Many people wonder at the difference in price between wines, even from the same varietal, region and vintage. There is often equal disparity in the flavors of these wines, but sometimes surprisingly not.
Terrior, The Place of Wine
Let’s start at the top: place. Terrior is a French word that is bandied around a great deal in the wine world and for good reason. Literally, terrior means earth, suggesting that the ground on which the grapes are grown contributes significantly to the experience of drinking it. But the term terrior has many more far reaching implications than just the plot of earth from which it comes. Earth, in this context, suggests the broader aspects of our planet, rather than simply dirt. Terrior references overall climate, soil, variations in weather, the mezzo and micro climates of each vineyard and each vine, and, more significantly, the je ne sais quoi of the place.
I translate this into the even more esoteric mystical aspects of nature that we can never understand, but are a part of by being alive. Residing on one, I can testify that a vineyard is a mystical place. Sometimes shoots will grow as much as 3 inches in one day, while at other times their growth is indiscernible for weeks. Science can attempt to describe this, but will never fully embrace its essence. It is the essence that contributes to terrior.
Terrior provides distinctive differences in all aspects of wine: color, aroma, flavors and texture. And specific expressions of each of these are lauded, while others dissed. Even vineyards that are contiguous can express themselves quite differently. The secret-sauce is getting all of the most highly regarded elements to work together. They can certainly elevate and enhance each other.
Consequently, one contributing factor to a great wine is place, however vague and broad that may be.
Another set of factors to consider includes viticultural practices, winemaking techniques, and reputation of the winery. These can be somewhat wrapped up in brand. These are often tough to discern by the average consumer in a wine shop or restaurant given the plethora of wines in the market. But each aspect of brand contributes to price. So price is a somewhat unreliable guide to quality. We can all be fooled, truth be told. It is not uncommon for people to wax rhapsodic about an average wine when presented in an elegant package and sold for a high price. This is where the assistance of a knowledgeable wine steward or attendant in a wine shop can be helpful. While very expensive “trophy wines” may be good, their reputation often exceeds their performance.

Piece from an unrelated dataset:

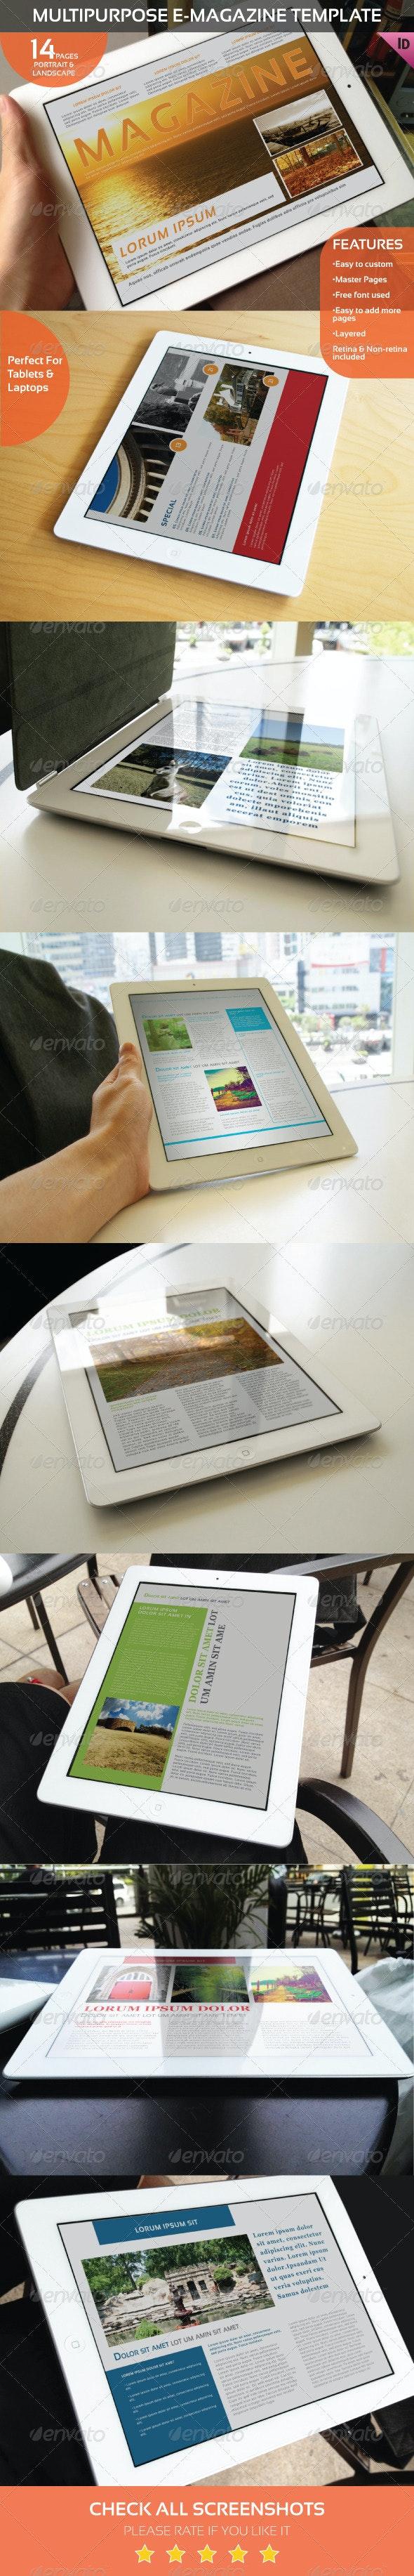 Multipurpose E-Magazine Template - Digital Magazines ePublishing

Great wines are generally made in small quantities, regardless of brand. In fact, the more popular brands have a hard time competing on quality against the boutique producers with much less “brand strength” or recognition. This means that there is often reward in ferreting out hard to find or little known wines. It also means that many people chasing too few resources contribute to higher prices. The best generally costs more.
But at the end of the day, how a wine tastes to YOU is the gold-standard in determining whether a wine is poor, mediocre, good or great.
So once you have selected a wine using varietal, place, brand, and price as a guide, it is time to start tasting wine to see what is great to you.